In writing the previous article, I did a lot of research into both tort reform and Social Security reform, and as I did my research, I kept coming back to the same question. Why is tort reform a conservative issue? It's easy enough to understand why reforming Social Security, or even eliminating it entirely, is a conservative issue. After all, the core principles of conservative ideology are personal responsibility and limited government. But tort reform doesn't necessarily correlate with these values. The victims of torts are not irresponsible people, they are people who have been exposed to the negligence or malfeasance of others, and running a justice system is an appropriate activity for even the most limited of governments.

For conservatives, there are broader, systematic problems with the legal system. Large awards in tort claims create very significant problems, both practically and ideologically. First, awards for noneconomic damages and punitive damages can be so high as to completely ruin a business; second, these damages are unpredictable and expensive to insure against; third, the victims of torts do not deserve to benefit from damages assessed as punitive measures; fourth, large awards encourage more suits, even those of questionable merit, leading to high settlements even when the merits of a case are questionable; fifth, lawyers take anywhere from a third to over a half of the proceeds of these settlements and jury awards, which makes them the primary beneficiaries of the current tort system; and finally, large tort awards function as a practical risk for only one group of people - those who have a lot of money.

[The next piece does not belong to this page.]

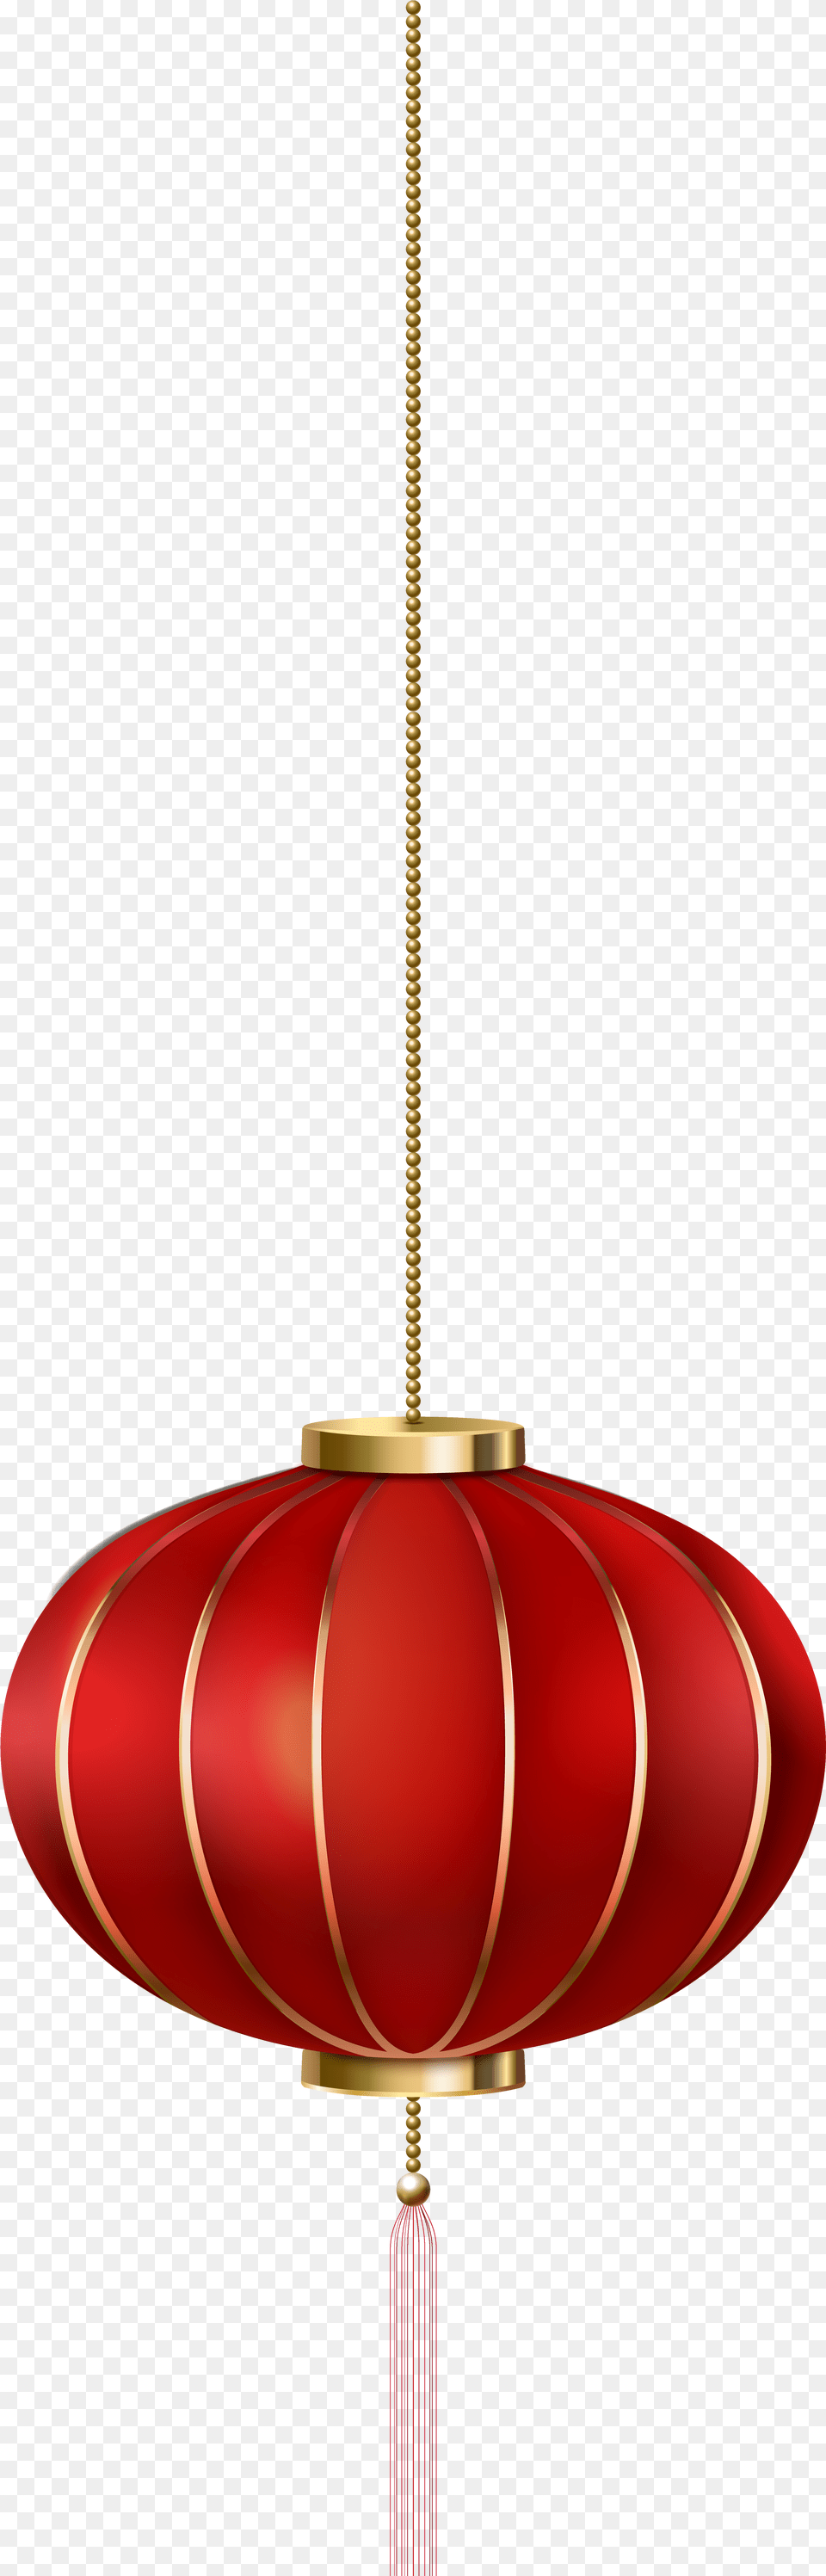 Red Chinese Lantern Clipart Lampshade, Lamp Free Transparent Png

Not all of these concerns are particularly ideological, nor are they all that controversial. Liberals do not wish to see good businesses ruined and important jobs lost by tort awards that are grossly out of proportion with committed wrongs, and a liberal sense of justice is also offended when innocent people or corporations are forced to settle outrageous suits filed by shyster plaintiffs. On the other hand, two of these claims are so profoundly ideologically based that they must be examined more closely.

II.

The first ideological claim is that victims of torts do not deserve to benefit from the punitive component of a damages award. In a judgment in tort, a damage award has a number of components. The first component is compensatory damages, in which the responsible party must compensate the aggrieved party for damages both measurable and non-economic. The second component of an award is punitive damages. Generally, this type of award has the express purpose of punishing the guilty party as well as deterring others from engaging in similar behavior.

In between these two types of damages falls pain and suffering. Pain and suffering is the catch-all name for non-economic damages suffered by the plaintiff. It includes physical pain, emotional pain, and injuries which, though difficult to assign a dollar value to, are nonetheless quite real, such as amputations, blindness, or the loss of a child or parent. Though legally speaking, these non-economic damages are in the category of compensatory damages, there is certainly much in them that has a punitive flavor. They are not easily quantifiable, not consistent from case to case, and lead to much higher awards in jury trials than in cases adjucated solely by a judge. Because of these factors, such awards are more easily viewed as arbitrary and unjust, instead of being seen as a woefully inadequate substitution for the just compensation that mere humans simply cannot provide. It is these claims which the Bush administration is currently seeking to cap, though the administration has also called for caps on punitive damages.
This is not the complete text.